I really only need prescriptions, nothing else, I’m doing just fine, thank you. And I know other folks in this healthcare scheme who only have to see a shrink for 15 minutes or less a few times a year to secure their scripts. But New York University-Langone Medical Center oversees this place now. Not a bad things, but now there is mandatory psychotherapy for all new folks at the outpatient psych clinic. Also, probably not a bad thing for folks who need psychotherapy. But, I’m not one of those folks.
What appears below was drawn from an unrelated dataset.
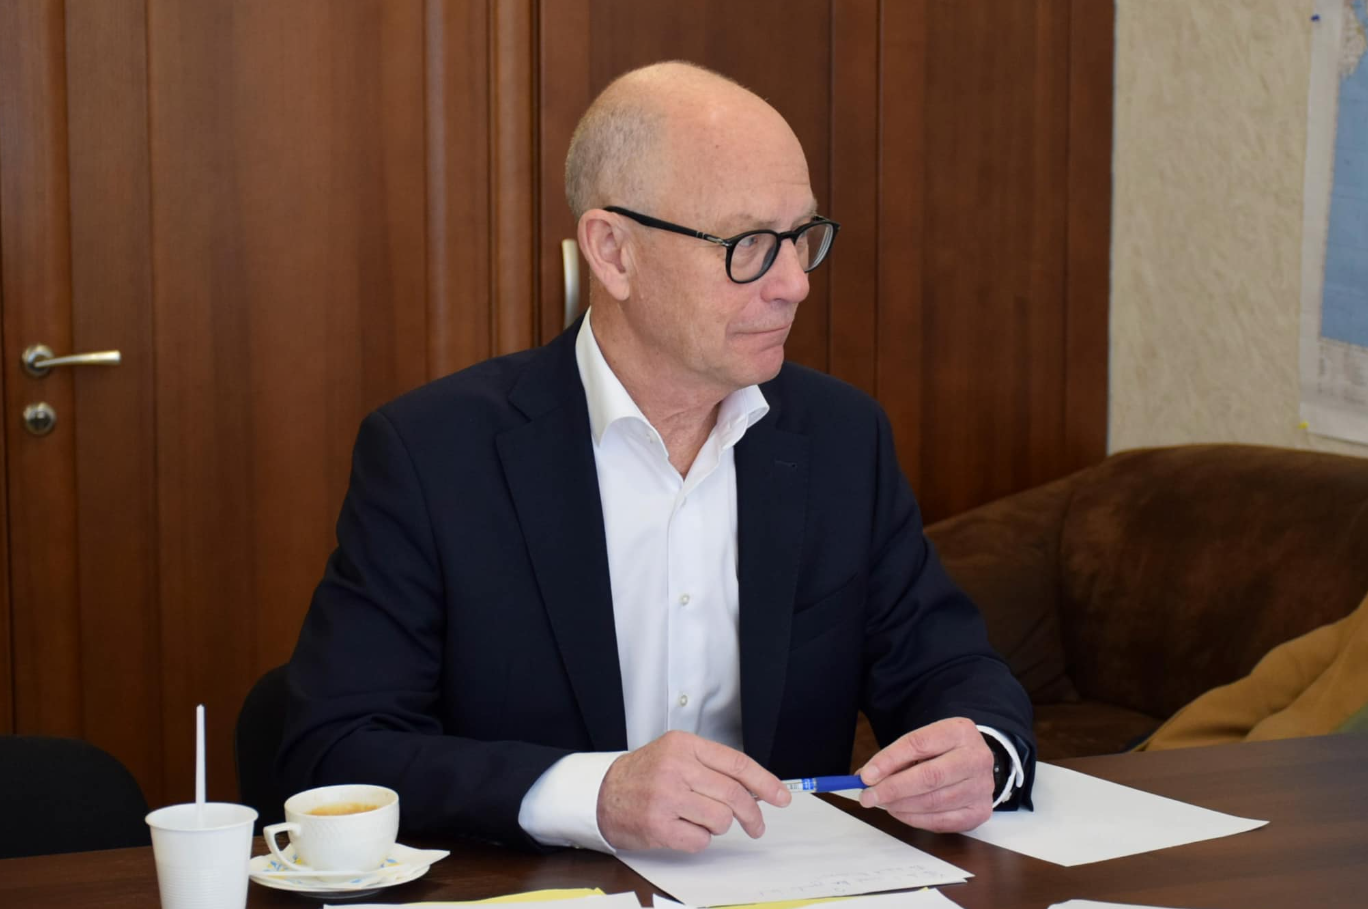 Данія підписала перші контракти щодо інвестицій в Україні: посол розповів деталі

I went to my first therapy appointment earlier this week. Very nice psychologist, young woman who is eager to practice on/with the folks in the program. She told me I couldn’t get meds if I didn’t do therapy.
I thought I was done with therapy about this time last year. But talking can’t hurt anyone and I really know how to flap my lips.
I went in on Tuesday, she conducted her mini mental status examine while I jabbered, not too much and not too little. Yes, I get enough sleep, yes, decent diet, some exercise, walked here actually, yes, always take my meds — never miss then in fact. After scheduling another appointment I was allowed to go.
I know 30 minutes of therapy every month won’t hurt anyone (unless they have a bad therapist!), but the fact that it’s mandated disturbs me. I’ve done 20 years of psychotherapy and, in psychiatric lingo I’m highly medication compliant, and have been stable for a long time. “You’re in remission,” this doctor told me. “No,” I said, “I’m recovered.”